Runtime contract enforcement adalah lapisan kontrol yang memastikan contract tidak hanya benar di repo, tetapi juga benar di production.
Setelah part ini, kamu harus mampu:
- menentukan enforcement points untuk API and event systems;
- membedakan validation at edge, service, producer, broker/registry, consumer, and DLQ;
- mendesain fail-open/fail-closed strategy;
- menerapkan runtime validation di Java/Spring/Kafka services;
- mengelola performance cost dari validation;
- mengirim invalid messages ke quarantine/DLQ secara aman;
- membuat metrics/logs/traces untuk contract violations;
- melakukan shadow validation and sampling;
- mendeteksi runtime drift;
- menghindari enforcement yang menyebabkan outage lebih besar daripada bug awal.

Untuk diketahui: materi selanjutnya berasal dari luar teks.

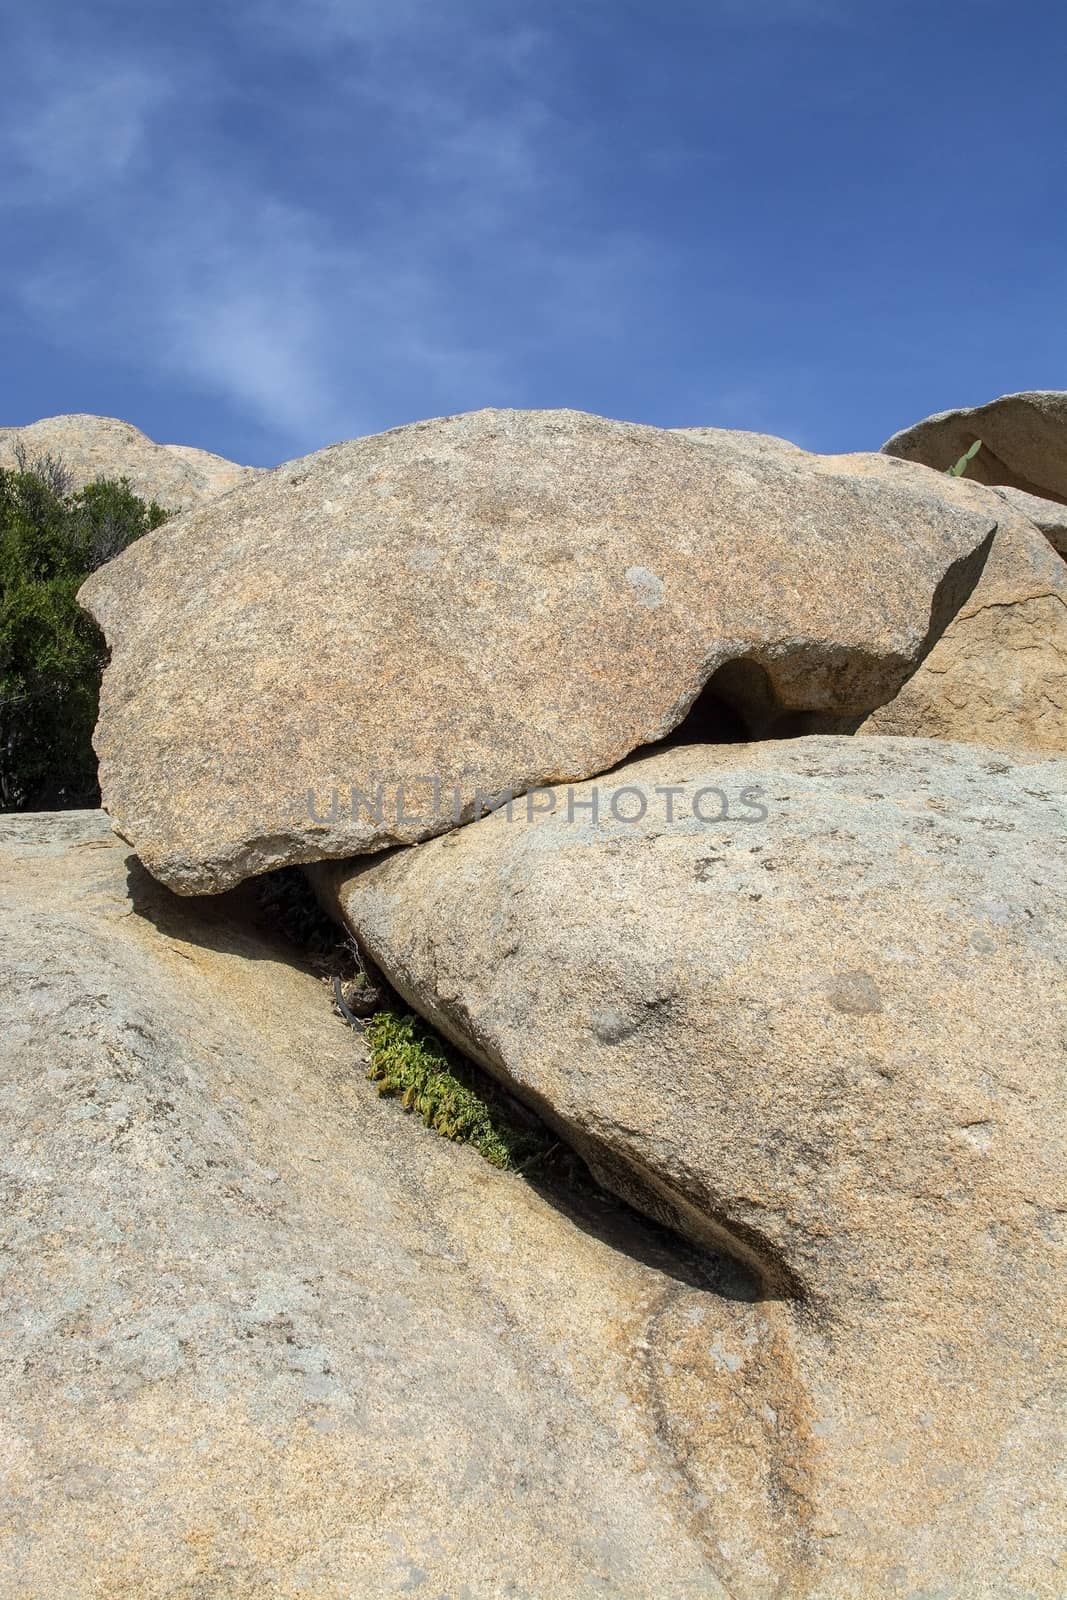 Slab of granite rock lying on top of eroded cliff with blue sky wispy cloud in Costa Smeralda, Sardinia, Italy.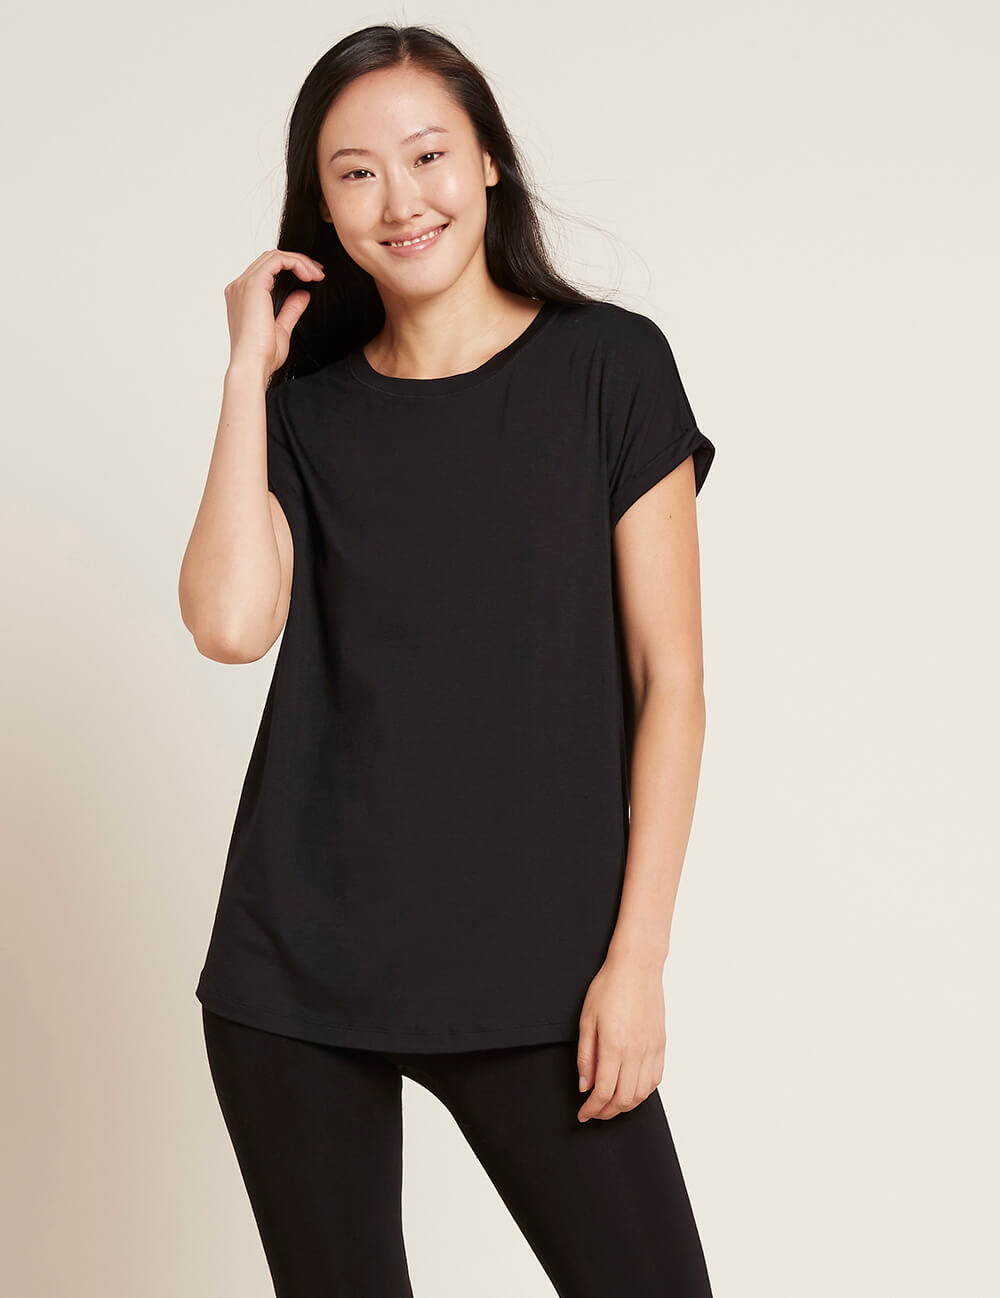 Downtime-Lounge-Top-Black-Front.jpg

1. Runtime Enforcement Layers
Enforcement should be layered, not duplicated blindly.
2. Enforcement Goals
Runtime enforcement aims to:
- prevent invalid input from entering system;
- prevent invalid output from leaving service;
- prevent invalid events from entering streams;
- protect consumers from bad events;
- preserve invalid artifacts for debugging;
- detect drift from contract;
- measure contract violation rate;
- provide evidence for incidents;
- support safe rollout/shadow validation;
- avoid silent data corruption.
It does not mean validating everything at every hop forever. Enforcement must be risk-based.
3. Enforcement Points
| Point | What to enforce |
|---|---|
| API gateway | auth, route, request shape, size, rate limit |
| API service inbound | DTO validation, business preconditions, idempotency |
| API service outbound | response schema, error contract, headers |
| Event producer | envelope, payload schema, topic, key, metadata |
| Outbox | event immutability, event ID stability, schemaRef |
| Schema registry/serializer | schema existence, compatibility, serialization |
| Broker config | topic policy, ACL, retention, compaction |
| Event consumer inbound | schema, event type, sequence, duplicate, classification |
| DLQ/quarantine | original preservation, failure metadata |
| Catalog/drift jobs | runtime vs declared contract |
4. Fail-Open vs Fail-Closed
Enforcement decision:
| Strategy | Meaning | Use when |
|---|---|---|
| fail-closed | reject/stop on violation | unsafe input, critical contract |
| fail-open | allow but record violation | observability rollout, low risk |
| shadow | validate but do not affect flow | new validation rule |
| sample | validate percentage | high volume response/event |
| quarantine | isolate invalid message | event consumer/projection |
| degrade | return limited response | non-critical enrichment |
| feature-gated | enforce for selected traffic | rollout |
4.1 Rule
Use fail-closed at trust boundaries for unsafe input.
Use shadow/sampling for outbound validation during adoption.
Use quarantine for event consumers when bad message should not corrupt state.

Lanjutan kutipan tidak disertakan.